● Task description:
Could you copy exactly the lines below from the one with "1/2 DINAR 1976" to the one with "Estudio Estadio - Celebración", inclusive, leaving out any pictures?

● Supplied information:

+-------+

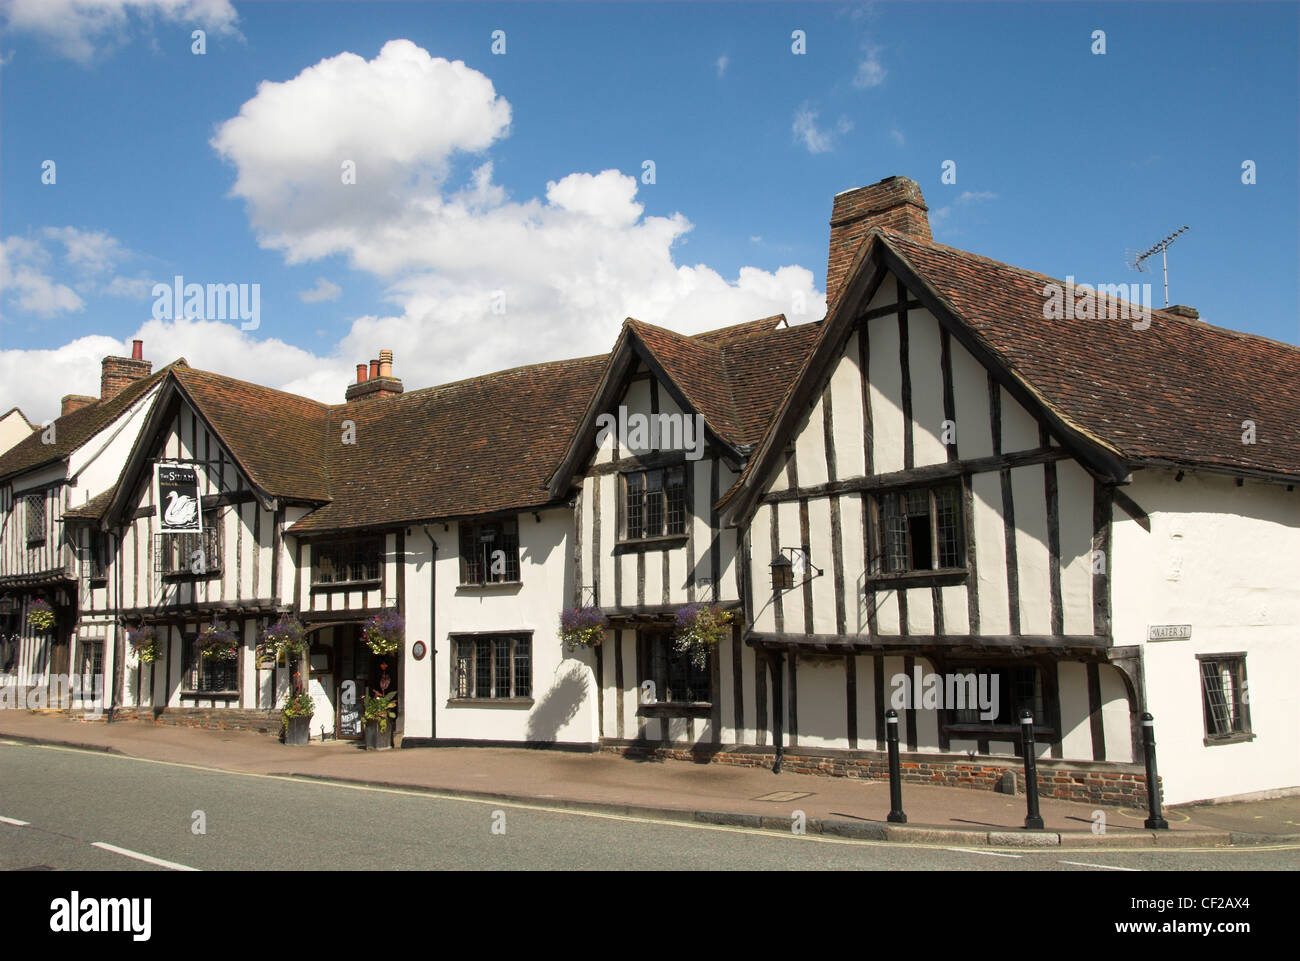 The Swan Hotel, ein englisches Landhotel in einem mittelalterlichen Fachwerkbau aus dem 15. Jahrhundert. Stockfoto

+-------+

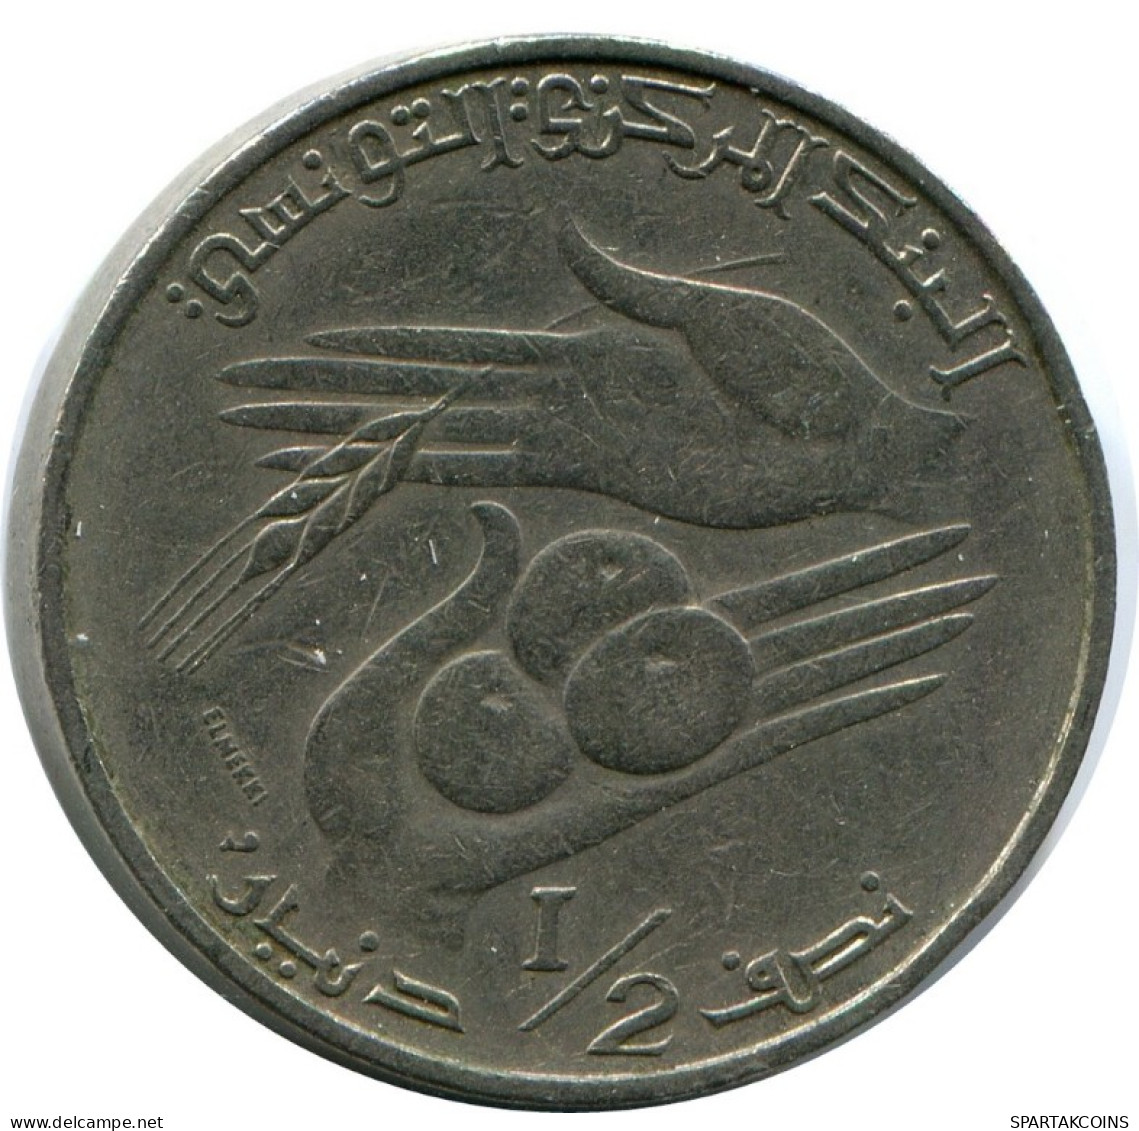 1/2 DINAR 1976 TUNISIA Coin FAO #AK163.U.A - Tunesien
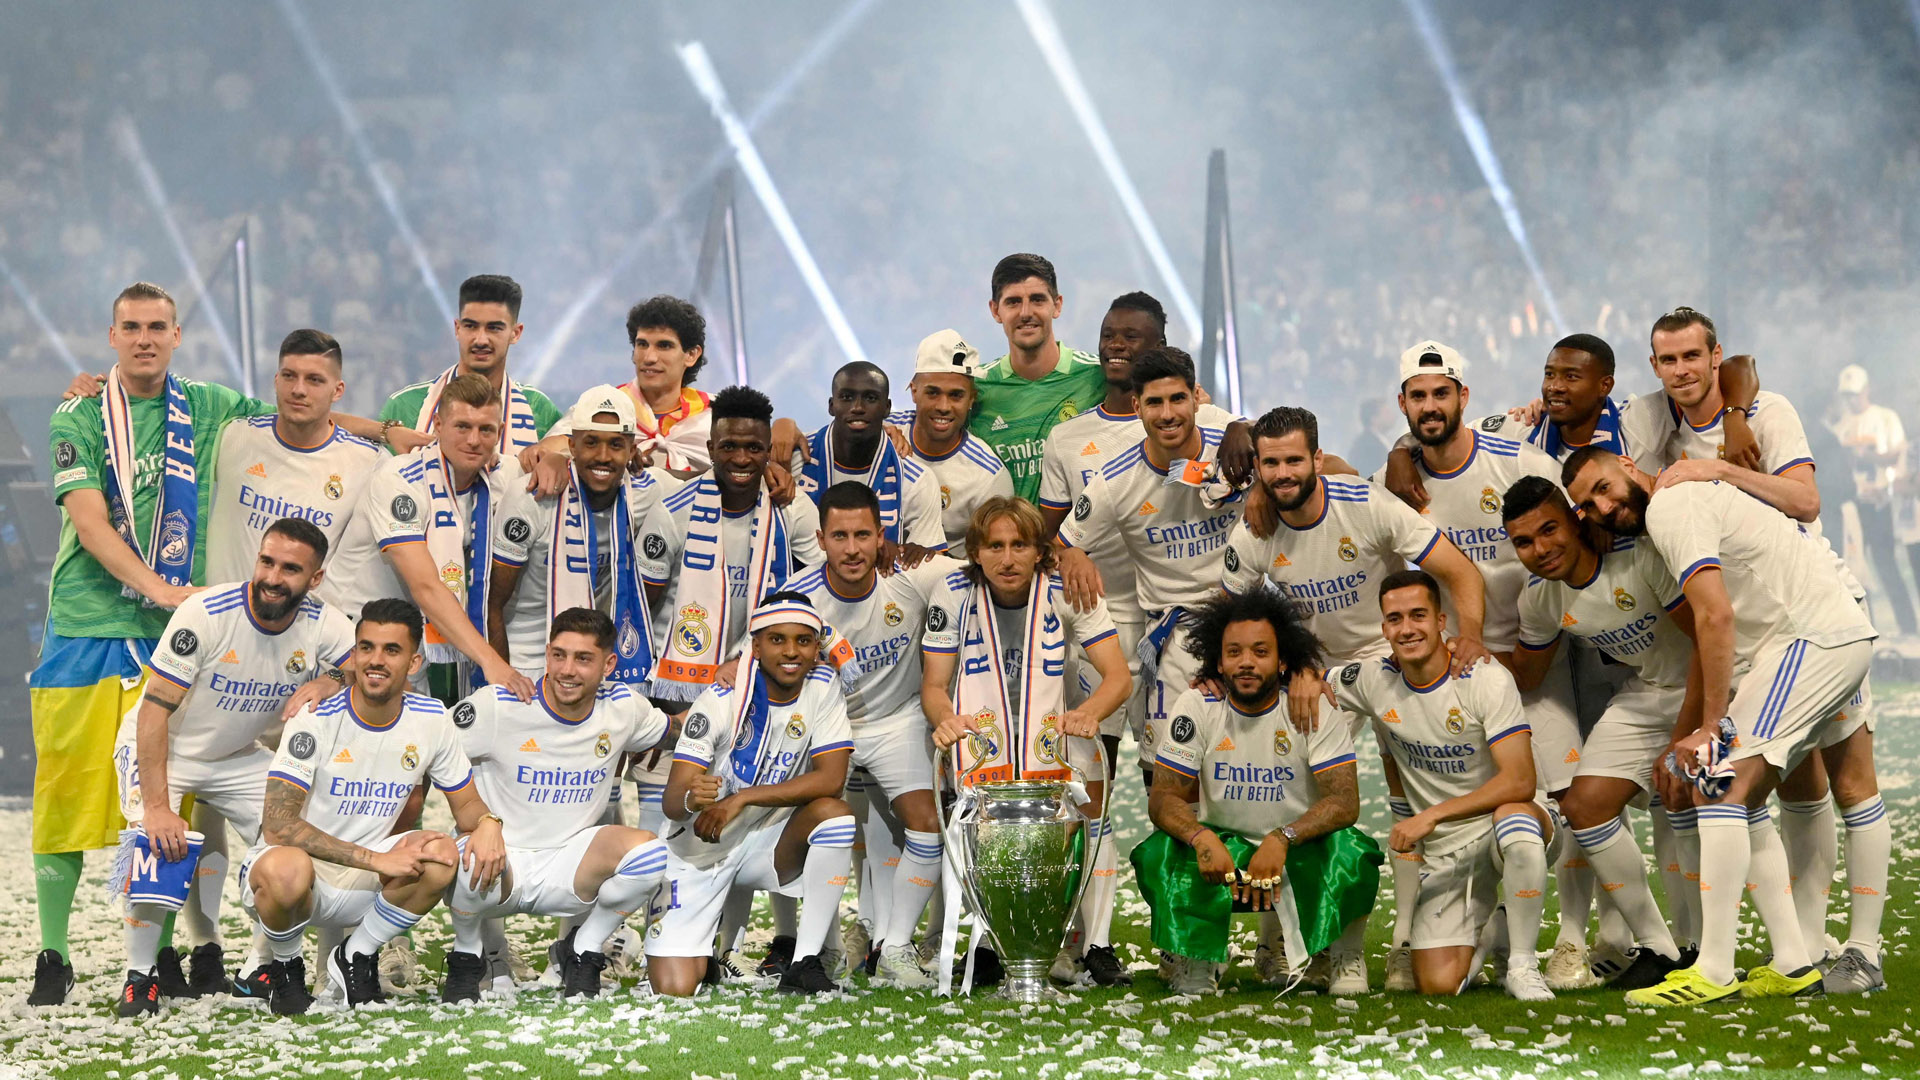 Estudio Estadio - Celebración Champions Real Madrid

+-------+

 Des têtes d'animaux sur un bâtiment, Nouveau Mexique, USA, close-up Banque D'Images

+-------+

● Answer:
 1/2 DINAR 1976 TUNISIA Coin FAO #AK163.U.A - Tunesien
 Estudio Estadio - Celebración Champions Real Madrid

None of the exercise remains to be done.